Interpreting compass headings using Euler angles is a trivial task, however it is susceptible to Gimbal Lock, which is why the sensor I am currently using is pushing out quaternion orientation data.
However, my question is how can we interpret quaternion orientation data into compass headings? All of the methods I have seen online require converting quaternion orientation data into euler angles and from there converting the "roll", "pitch", and "yaw" of the euler angles into compass heading angles.
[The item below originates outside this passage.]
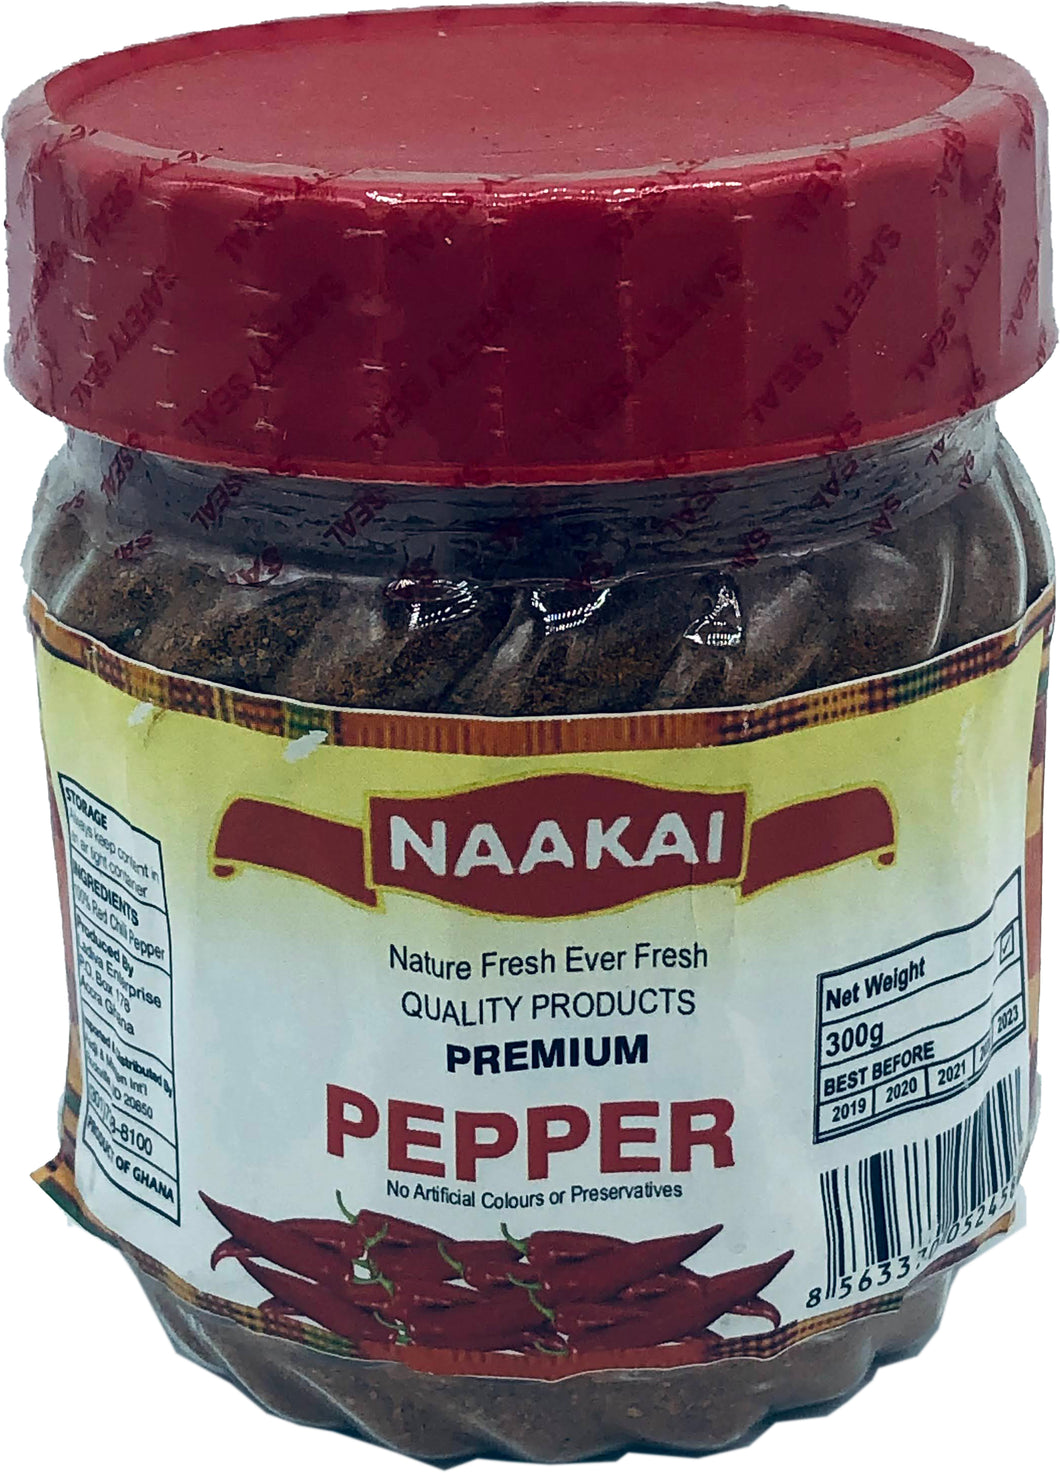 Naakai Pepper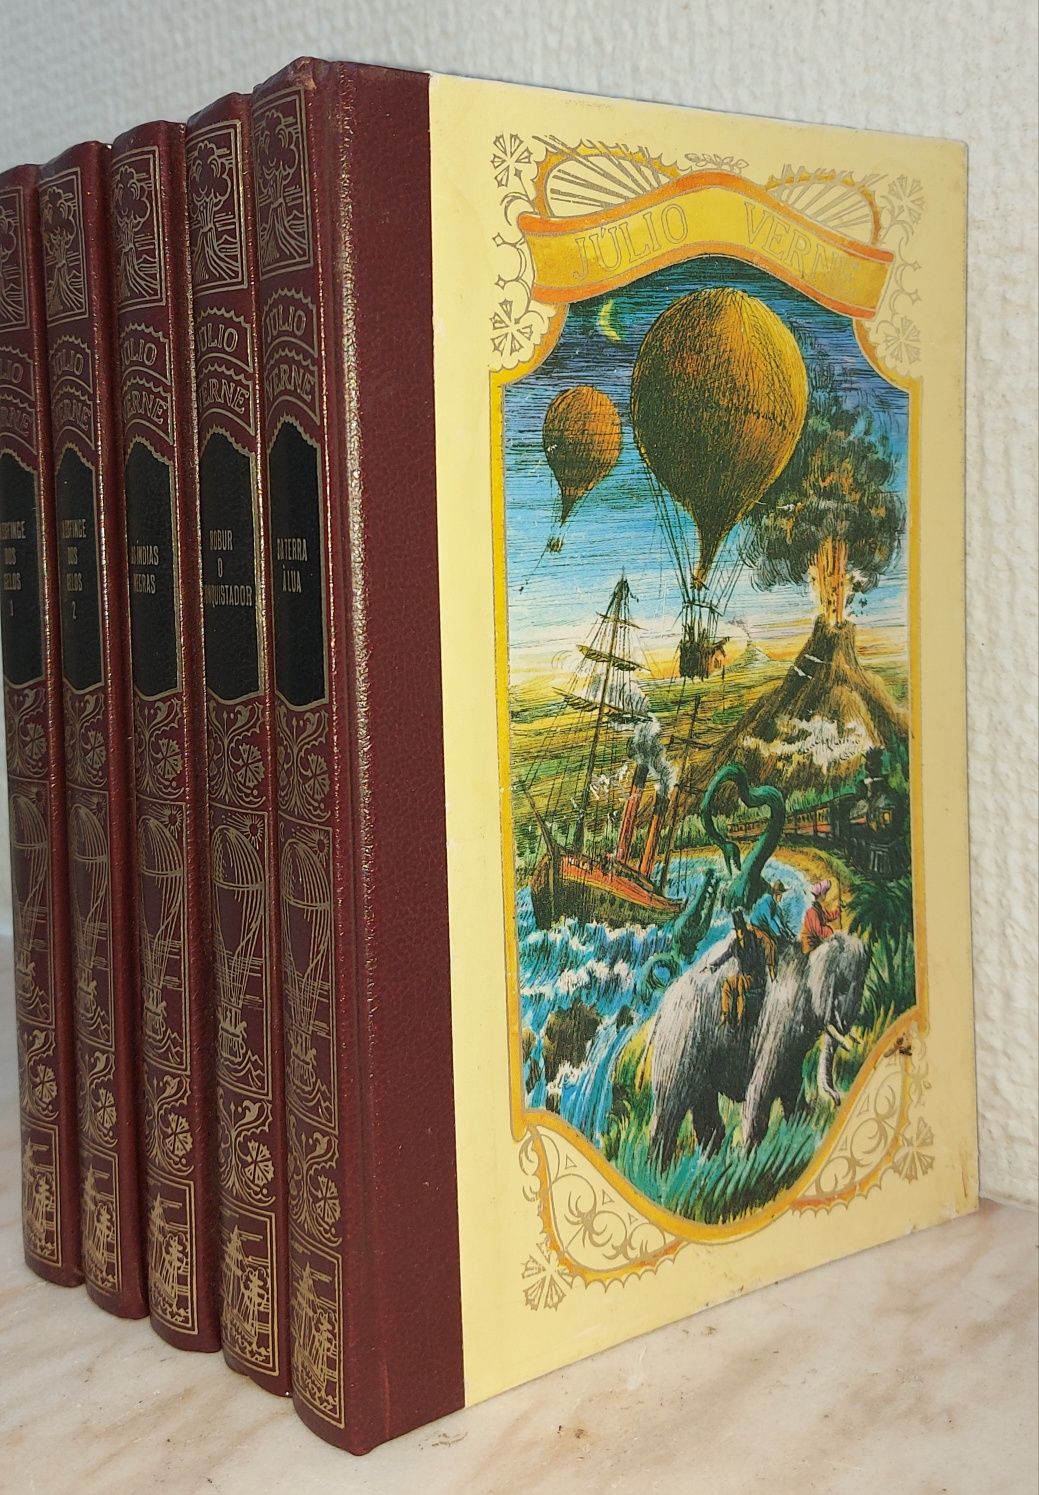 Livros da coleção Júlio Verne

I want to avoid this and only use quaternion orientation data, however I'm not sure how to interpret:
x, y, z, w
into compass heading angles?
Is there no way to avoid converting quaternion orientation data to euler angles before I can get my desired compass heading angle?
I know that:
x = 0
y = 0
z = 0
w = 1
would be displayed as North on a compass. However, how do I move on from there?
Your quaternion $q$, I assume, give a rotation from some reference vector $v$. So all we have to do is rotate $v$ with $q$. Represent $v$ as an imaginary quaternion. Then it rotates $v$ via $qvq^{-1}$ where $q^{-1} = \bar q/(q\bar q)$ with $\bar q$ the conjugate. Note that if $q$ is normalized properly then $q^{-1} = \bar q$; I will assume this. The quantity $qvq^{-1}$ can now be interpreted as a vector describing your heading.
Since you say $x = y = z = 0$ and $w = 1$ correspond to north, then $v$ is the north-pointing vector. Let's say $v = (1,0,0)$. Then we represent this as an imaginary quaternion $v = i$; if $q = w + xi + yj + zk$ then $$\begin{aligned} qv\bar q &= (w + xi + yj + zk)i(w - xi - yj - zk) \\ &= (wi - x - yk + zj)(w - xi - yj - zk) \\ &= wx - xw - yz + zy + (w^2 + x^2 - y^2 - z^2)i + (wz + xy + yx + zw)j + (-wy + xz - yw + zx)k \\ &= (w^2 + x^2 - y^2 - z^2)i + (wz + xy + yx + zw)j + (-wy + xz - yw + zx)k. \end{aligned}$$ So if $(0,1,0)$ is east, corresponding to $j$, then angle $\theta$ from north to east is given by $$ \tan\theta = \frac{w^2 + x^2 - y^2 - z^2}{wz + xy + yx + zw}. $$